2016-08-08 08:42:03.868: [ CRSSEC][2756] {0:0:2} Exception: OwnerEntry construction failed to retrieve user id by name with ACL string: owner:<DOMAIN>\<OLD_USER>:rwx and error: 1
2016-08-08 08:42:03.868: [ CRSSEC][2756] {0:0:2} Exception: ACL entry creation failed for: owner:<DOMAIN>\<OLD_USER>:rwx
For a very strange reason, the clusterware wanted to validate the owner of each resource, however, the user it was set to was the previous DBA. This is strange considering we only ever use a global administration account across all machines for all Oracle administration purposes. I struggled to think of what file or process may want to use the old credentials. I then executed:
ocrdump -local -stdout
This revealed the problem in detail
[CRS]
UNDEF :
SECURITY : {USER_PERMISSION : PROCR_ALL_ACCESS, GROUP_PERMISSION : PROCR_READ, OTHER_PERMISSION : PROCR_READ, USER_NAME : <DOMAIN>\<OLD_USER>, GROUP_NAME : }
The CRS component along with all the components in the OCR, were registered to the old account. So, if the account was gone, it would explain why the CRS was not coming up.

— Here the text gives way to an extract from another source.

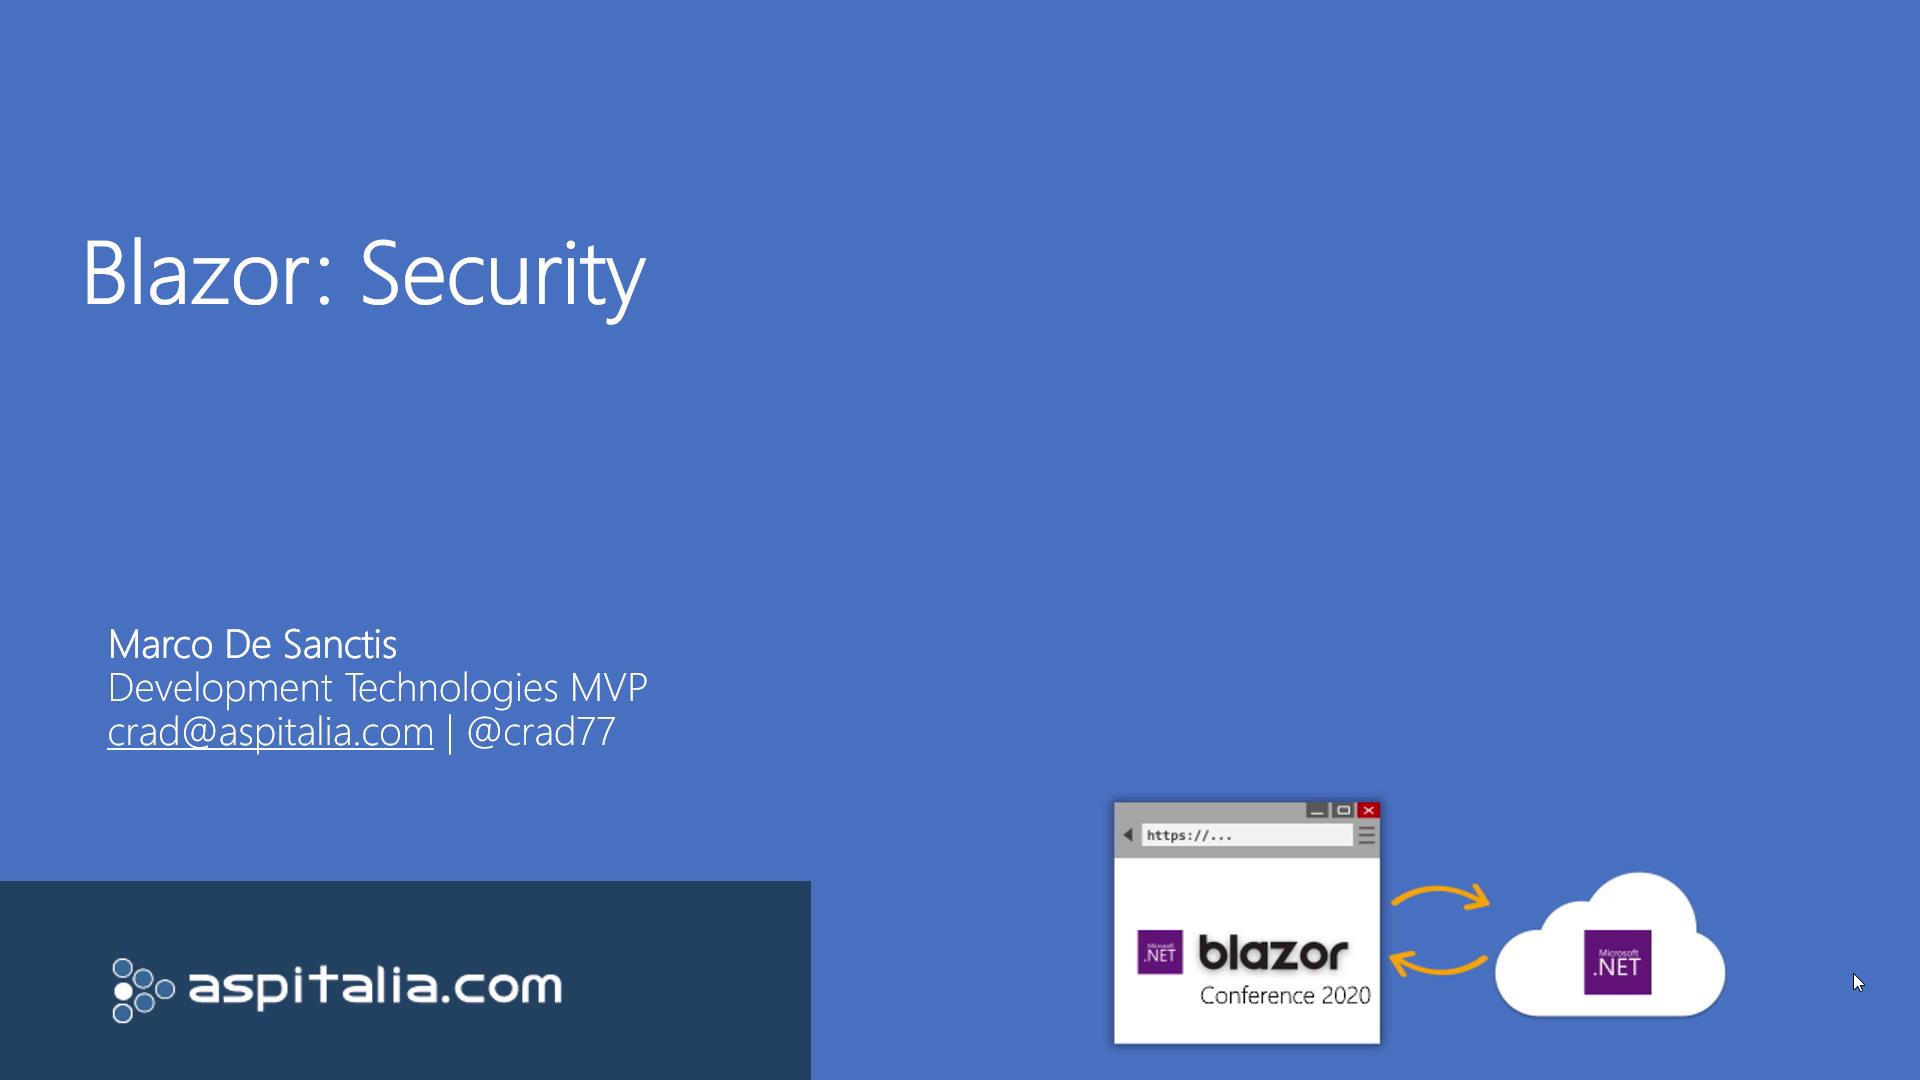 #blazor: #security https://aspit.co/b0n di @crad77 #webassembly

I searched for the user in active directory via a PROPERTIES>SECURITY>ADVANCED>OWNER>EDIT to see if the user existed. It did not. I could find my user, but not this one.
I then requested that the network administrator contact the domain administrator to reinstate the user. It turned out that the user was deleted over a year ago but the DR server had not been restarted since. Reinstating the account it resolved the issue and cluster started up correctly.
Note
1491367.1 has details on how to handle the issue. However, removing components was not applicable in this situation owing to the fact that the vast majority of components were all owned by this single user. I will look for a way to change the owner of components in time.